Define $$F(s) = \sum_{n=1}^\infty \frac{\mu^2(n)}{n^s}$$ where $s \in \mathbb{C}.$
Verify that "If $k$ is a constant and $g : \mathbb{N} \rightarrow \mathbb{C}$ with $g(n) = O_\delta(n^{\delta + k})$ for any $\delta > 0$, then the abscissa of absolute convergence, $\sigma_2(G)$, for $$G(s) = \sum_{n=1}^\infty \frac{g(n)}{n^s}$$ satisfies $\sigma_2(G) \leq k+1.$"
Then use the statement to show that $\sigma_1(F) = \sigma_2(F) =1.$
Note : Let $H(s)$ denote the Dirichlet series, then $$\sigma_1(H) = \inf\{\sigma \in \mathbb{R} : H(\sigma) \ \mbox{converges}\},$$ $$\sigma_2(H) = \inf\{\sigma \in \mathbb{R} : H(\sigma) \ \mbox{converges absolutely}\}.$$
$\textbf{Proof}$ Fix $\delta > 0$, then there exists $n(\delta)$ and a constant $c(\delta)$ such that $$|g(n)| \leq c(\delta)n^{k + \delta}$$ for any $n \geq n(\delta).$ So $$\sum_{n=n(\delta)}^\infty \frac{|g(n)|}{n^\sigma} \leq c(\delta) \sum_{n \geq n(\delta)}\frac{1}{n^{\sigma - k - \delta}}.$$ The last summation will be convergent if and only if $$\sigma > k + \delta + 1.$$ By definition, $$\sigma_2(G) \leq k + \delta + 1$$ for any $\delta > 0$.
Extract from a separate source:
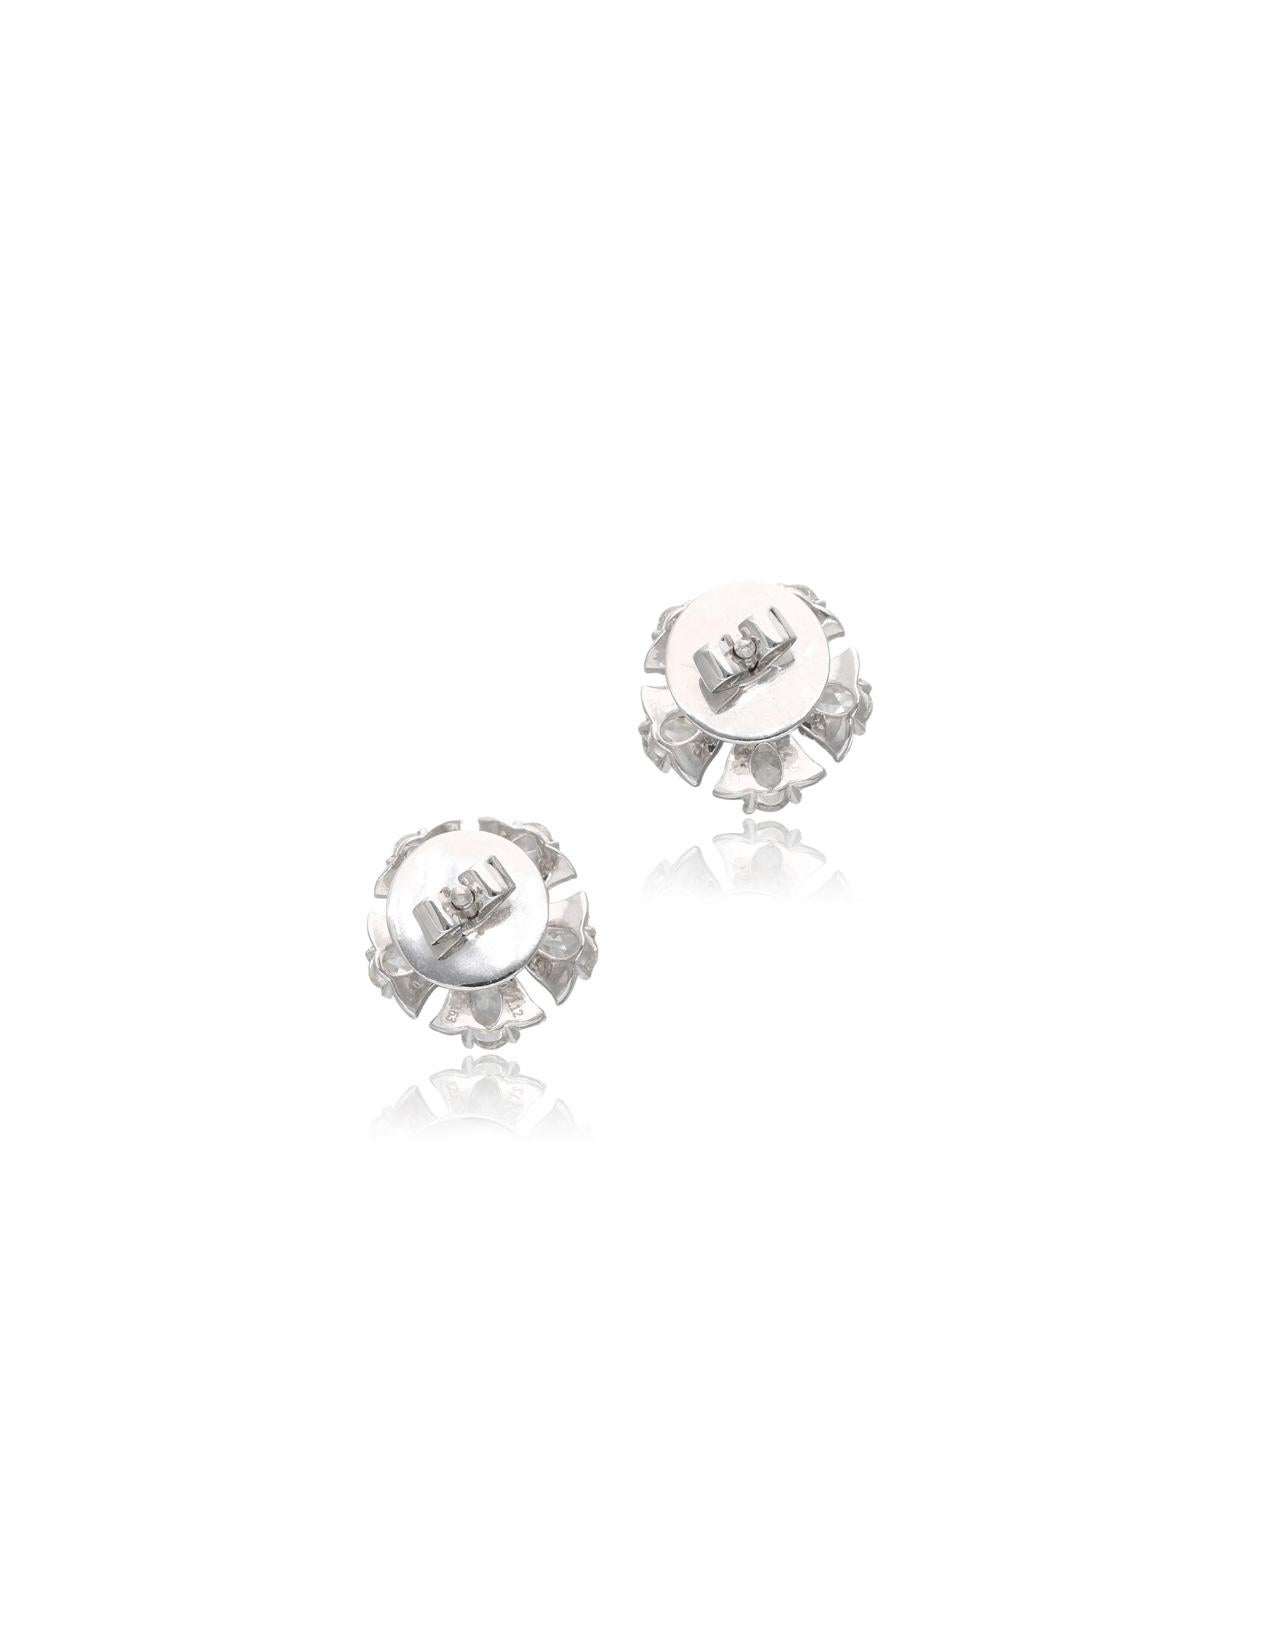 Rose Cut and Round Brilliant Diamond Stud Earrings in 18K Gold For Sale 3
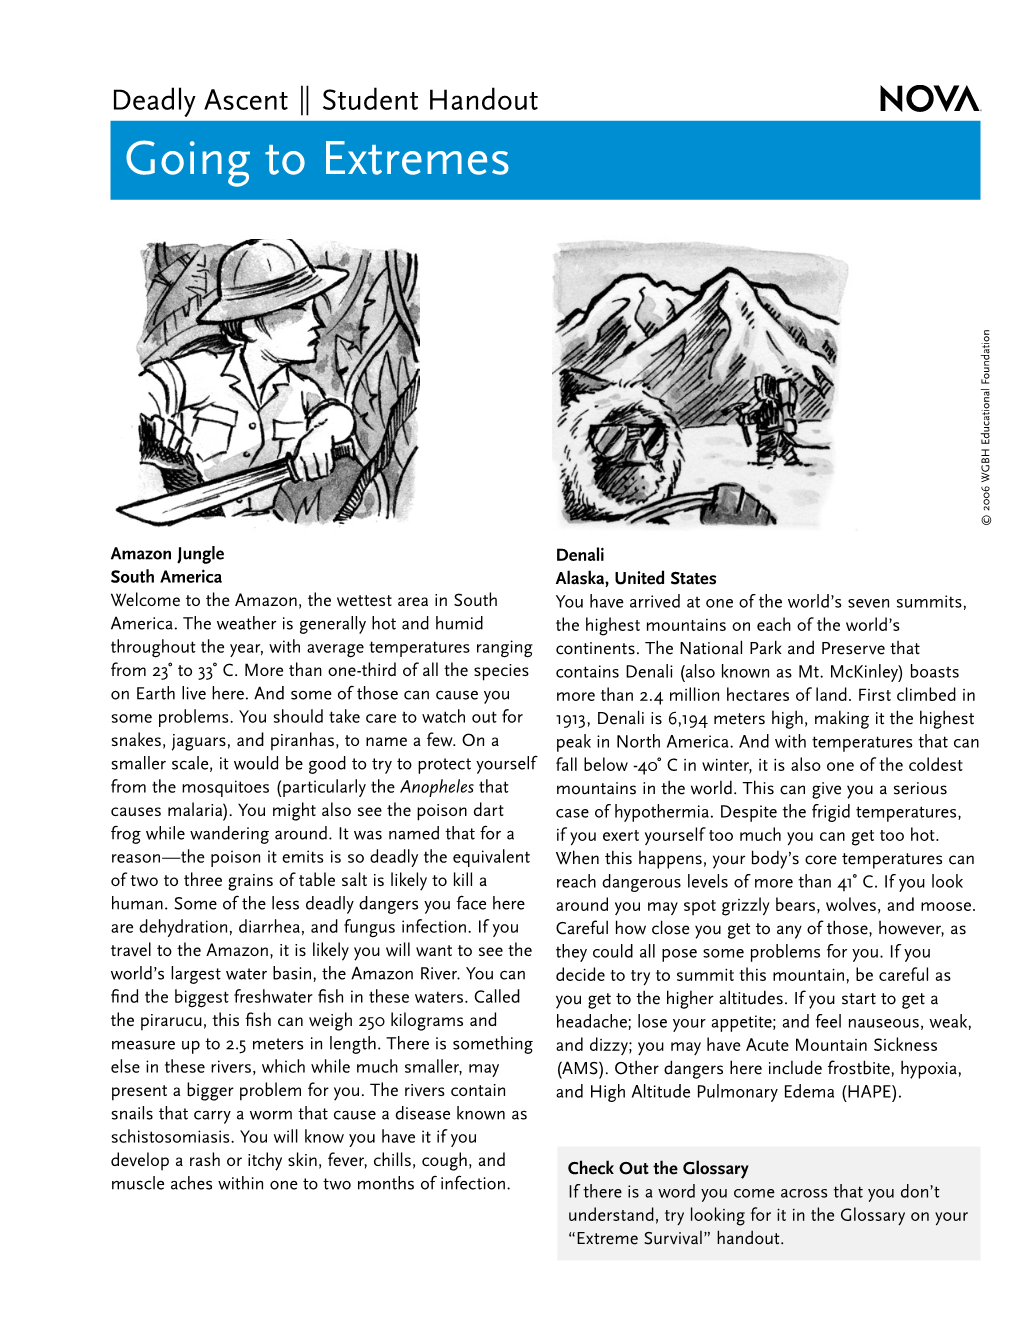 Going to Extremes © 2006 WGBH Educational Foundation

Therefore $\sigma_2(G) \leq k+1$
$\textbf{Is my proof correct ?}$
$\textbf{Proof}$ Since $\frac{\mu^2(n)}{n^\sigma} \geq 0$ for any $\sigma \in \mathbb{R}$, $\sigma_1(F) = \sigma_2(F).$ Since $n^x$ is an incresing function and $n^x \rightarrow 1$ as $x \rightarrow 0$, $$\mu^2(n) = O_\delta(n^\delta)$$ for any $\delta > 0.$ Then $\sigma_2(F) \leq 1$. Since $$\sum_{p \ \mbox{prime}}\frac{1}{p} \leq F(1)$$ and $\sum_{p \ \mbox{prime}}\frac{1}{p}$ diverges, $\sigma_2(F) \geq 1.$